Sunday, 22 July 2012

Oracle 11gR2 on Arch Linux

The Oracle Database software is only "supported" on Red Hat Enterprise Linux and Oracle Enterprise Linux I believe. But it can be made to work on many other Linux distributions one way or another, as a lot of the stuff is the same or equally available on other Linux distributions. While this is not supported or recommended in any way by Oracle, it can be useful if you have a different Linux distribution installed on a test system for one reason or another and cannot change it. Here I will present the recipe for how I got Oracle 11g Release 2 installed on Arch Linux. Remember that none of this should be used in any kind of production like environment as it is unsupported.

Arch Linux

Arch Linux is a Linux distribution based on a rolling release model. This primarily means that there is only ever one version of Arch, being the "latest version", and whenever new releases of software packages are made by the developer they are then added to the Arch repositories after a small delay. This means that you can always get the latest version of any available software package on Arch, and that there is never a big upgrade or reinstall hassle with Arch every 6 or 12 months. Instead you regularly do a system upgrade which pulls down the latest versions of all installed packages from the repository, so that your system is always "up to date".

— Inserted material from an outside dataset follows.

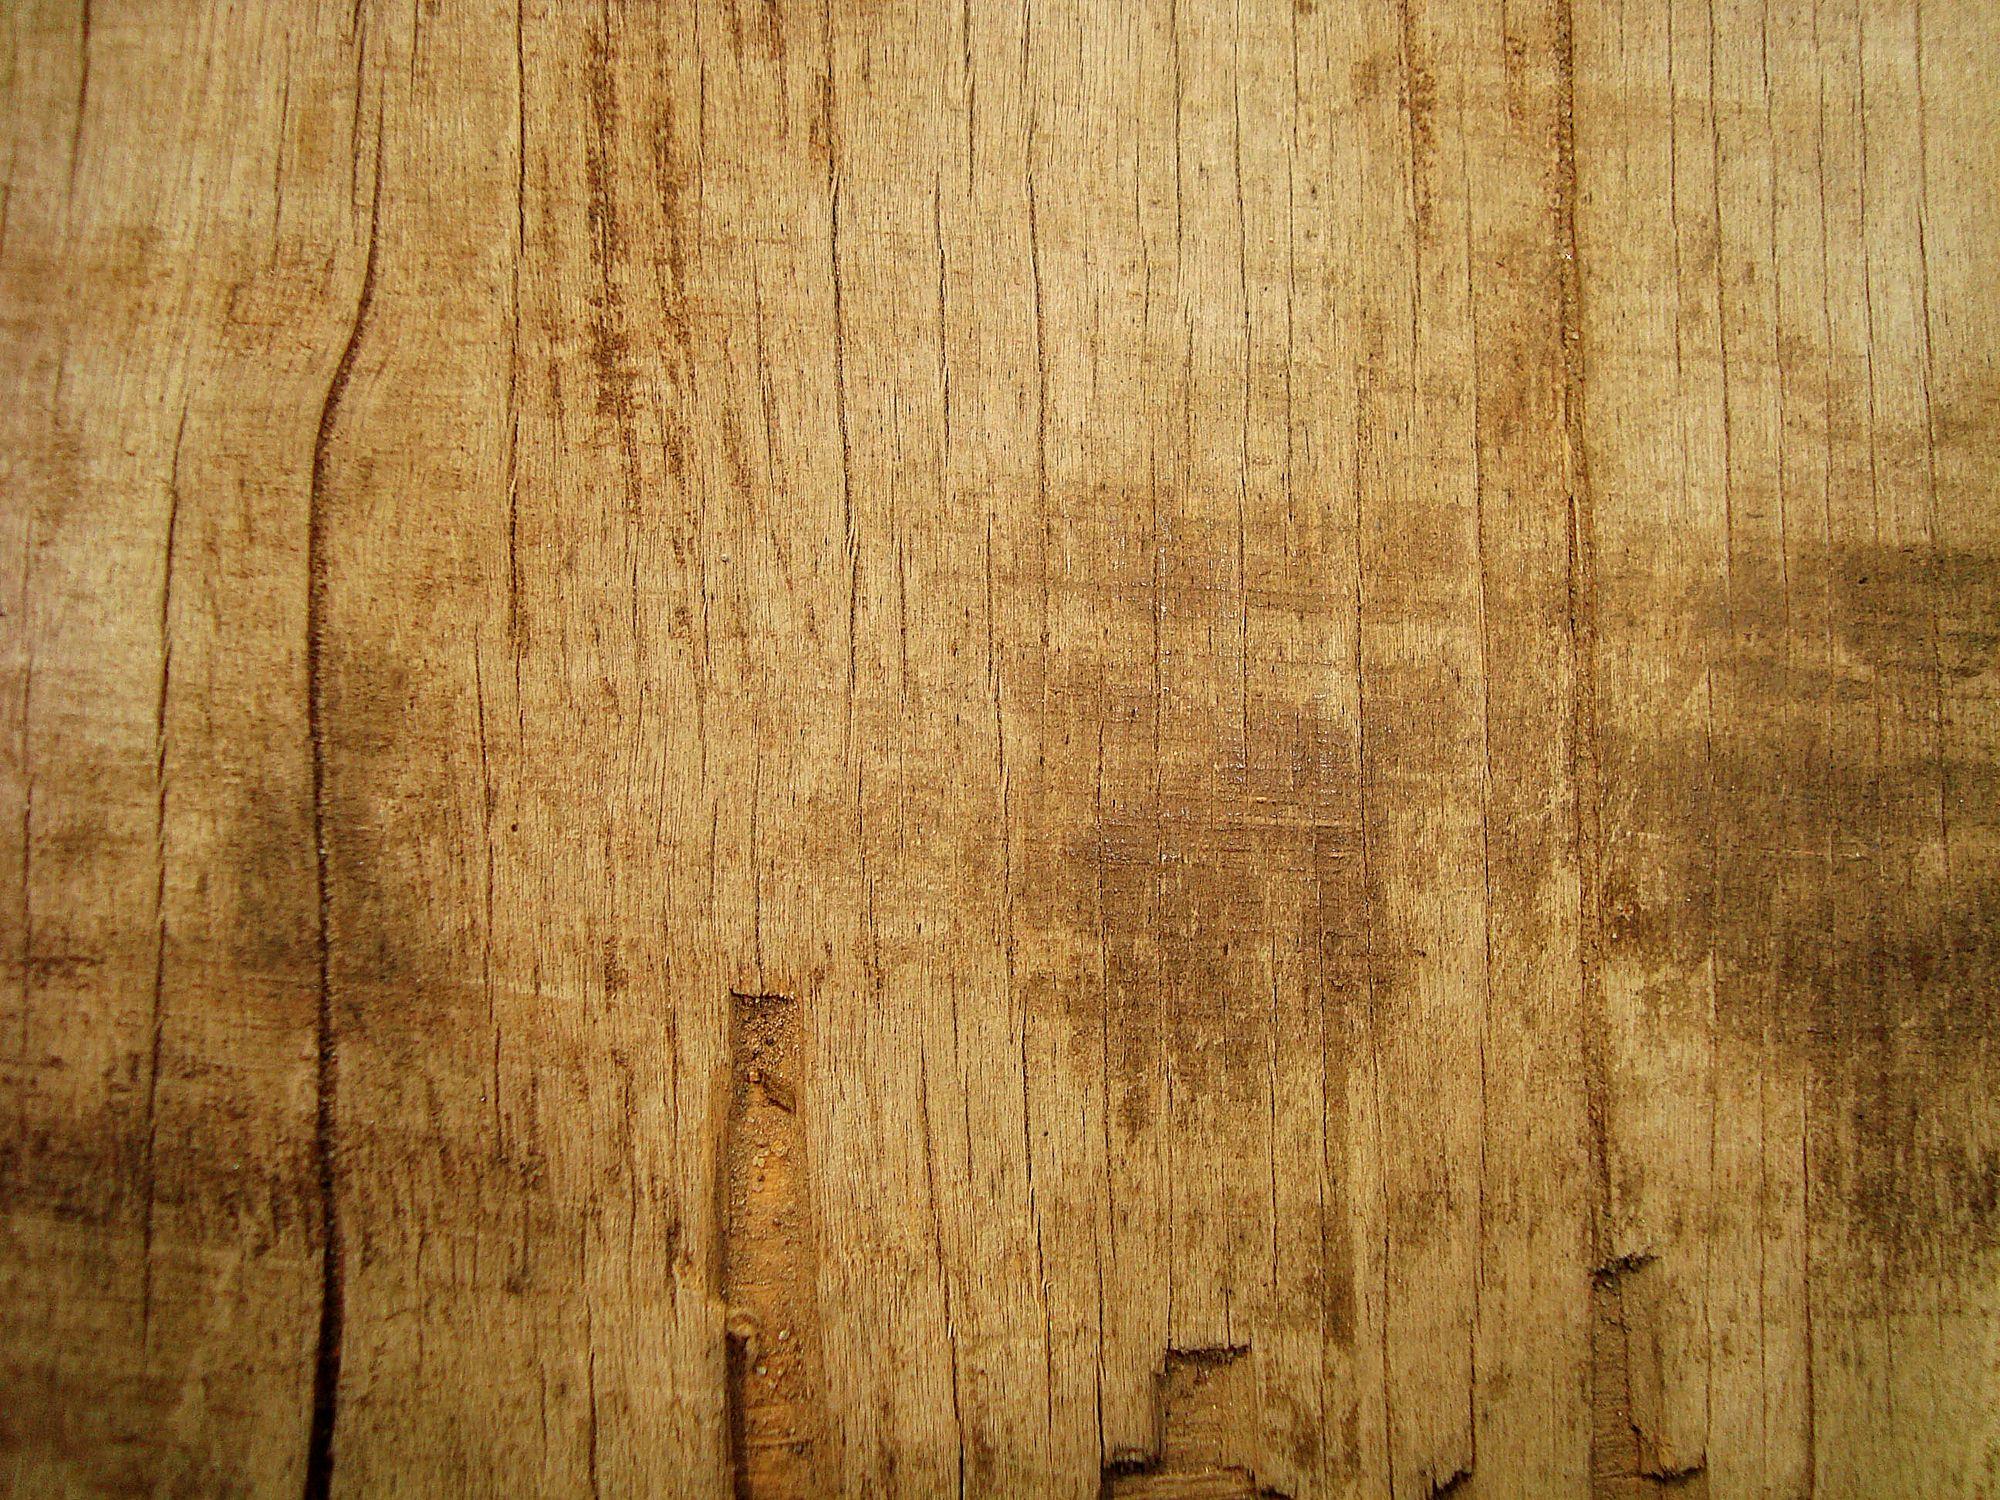 Pics photos wood texture background - Explore Wood Background Wood Texture And More

Another thing about Arch is that it is highly customisable to whatever combination of Linux software applications you want. It does this by only installing a "bare bones" set of Linux packages that gives you a text only console with a "login" prompt (classic old school UNIX). From this you then install all the extra packages you want, to arrive at your customised Linux, just as you want it. No bloat from other applications you never wanted in the first place. This means installing and configuring Arch is more than just booting from a Live CD and clicking on "Install". But Arch has an excellent Wiki including an "Installation Guide" that explains everything.

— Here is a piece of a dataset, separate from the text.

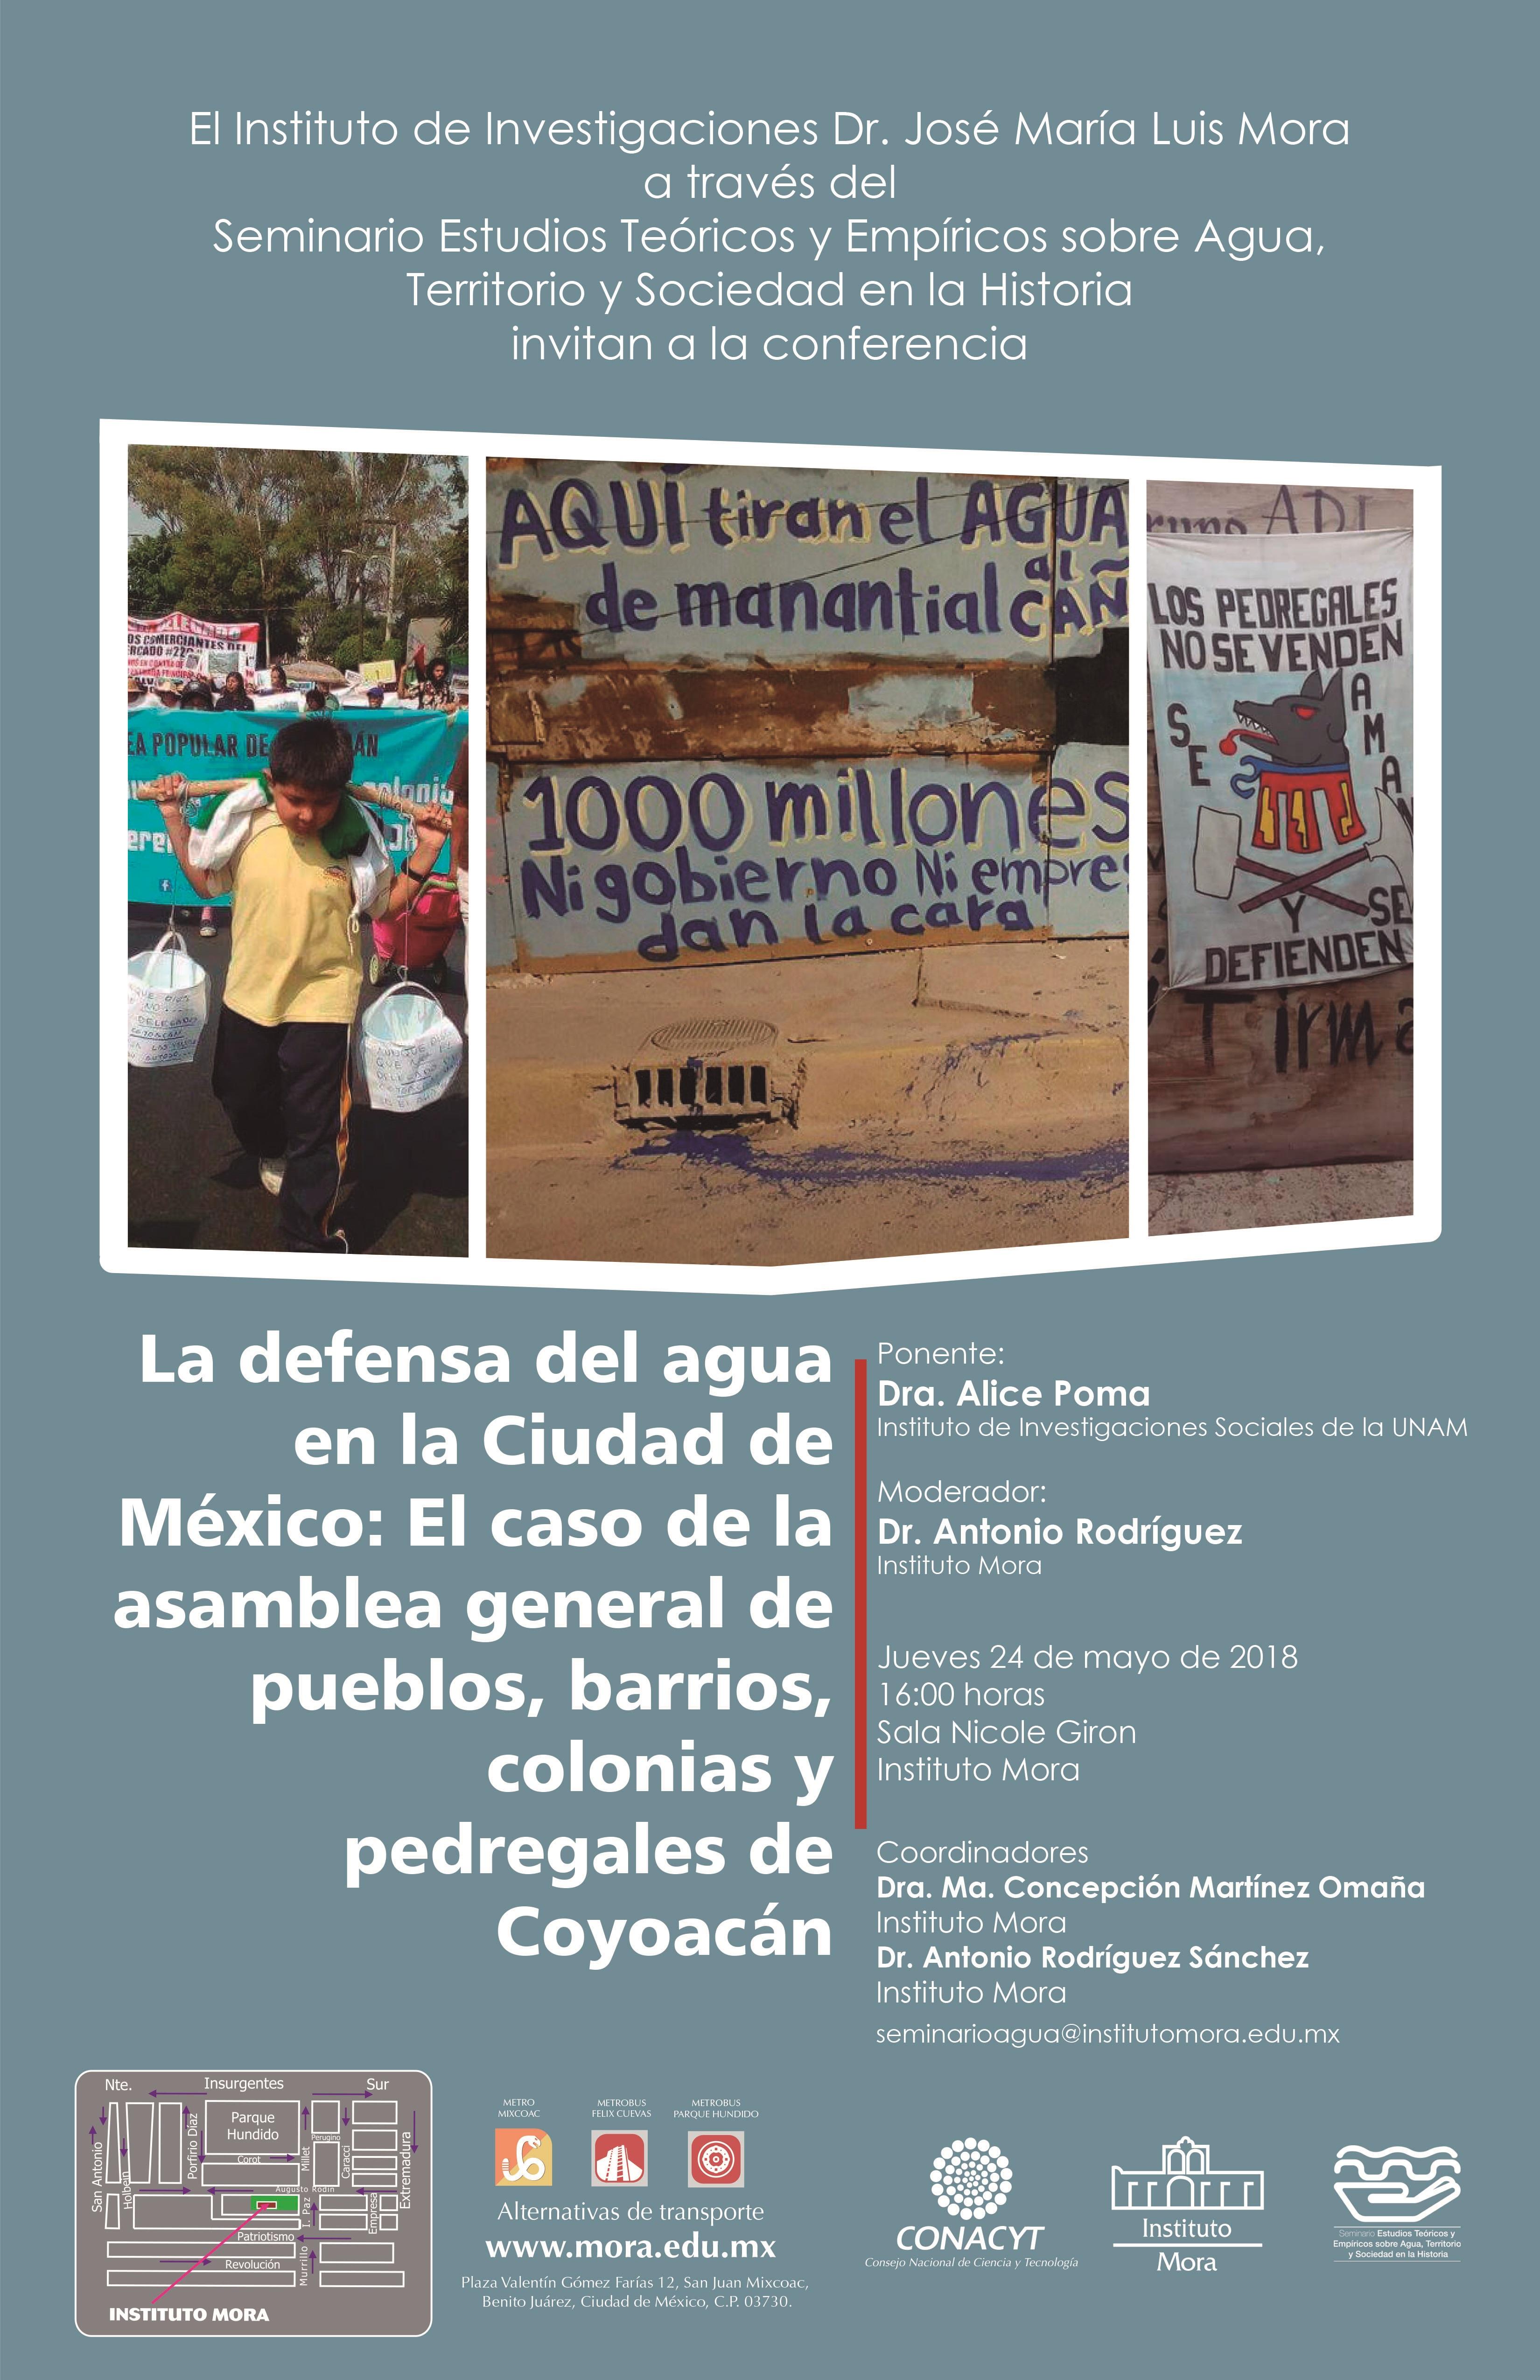 http://www.mora.edu.mx/Instituto/IE/1018_IESem14-0518.jpg

Arch has its own package manager (pacman) that handles all of the downloading, resolving dependencies and installation of the packages. So if a package is available you can just install it and everything it needs through one simple command.

I'm assuming for this article that you already have Arch Linux installed, and know enough about how to install it. And that you have installed Arch plus X Windows plus a full Desktop Environment (e.g. Gnome or Xfce) plus a Display Manager to handle the initial user login (e.g. GDM). If you don't use a full blown Desktop Environment then you will need the equivalent combination of Window Manager, Application Menu, etc., which is also possible in Arch.

Extra packages

Oracle 11g requires "gcc" which is in the "base-devel" package along with other development tools, such as "make". Install this, plus some other needed packages:
pacman -S base-devel elfutils libaio unixodbc sysstat pdksh icu gdb
pacman -S libstdc++5
The last one - "libstdc++5" - is needed because the make files provided with Oracle make explicit reference to this. Since Oracle 11g was originally compiled on the current at that time version of Red Hat Linux the standard C library has moved on to version 6, but Oracle still wants something called version 5 when installing.

Symbolic links

Oracle expects some commands to exist in the /bin directory when they are now in the /usr/bin directory as standard. You can work around this by creating symbolic links from one location to the other for these files:
ln -s /usr/bin/basename /bin/basename
ln -s /usr/bin/tr /bin/tr
ln -s /usr/lib/libgcc_s.so.1 /lib/libgcc_s.so.1
Other symbolic links are mentioned by other people for other Linux distributions, but for Arch these are the only ones I needed to make - other links already existed for some other files. Also bash is the default shell on Arch, which is the same as on Red Hat.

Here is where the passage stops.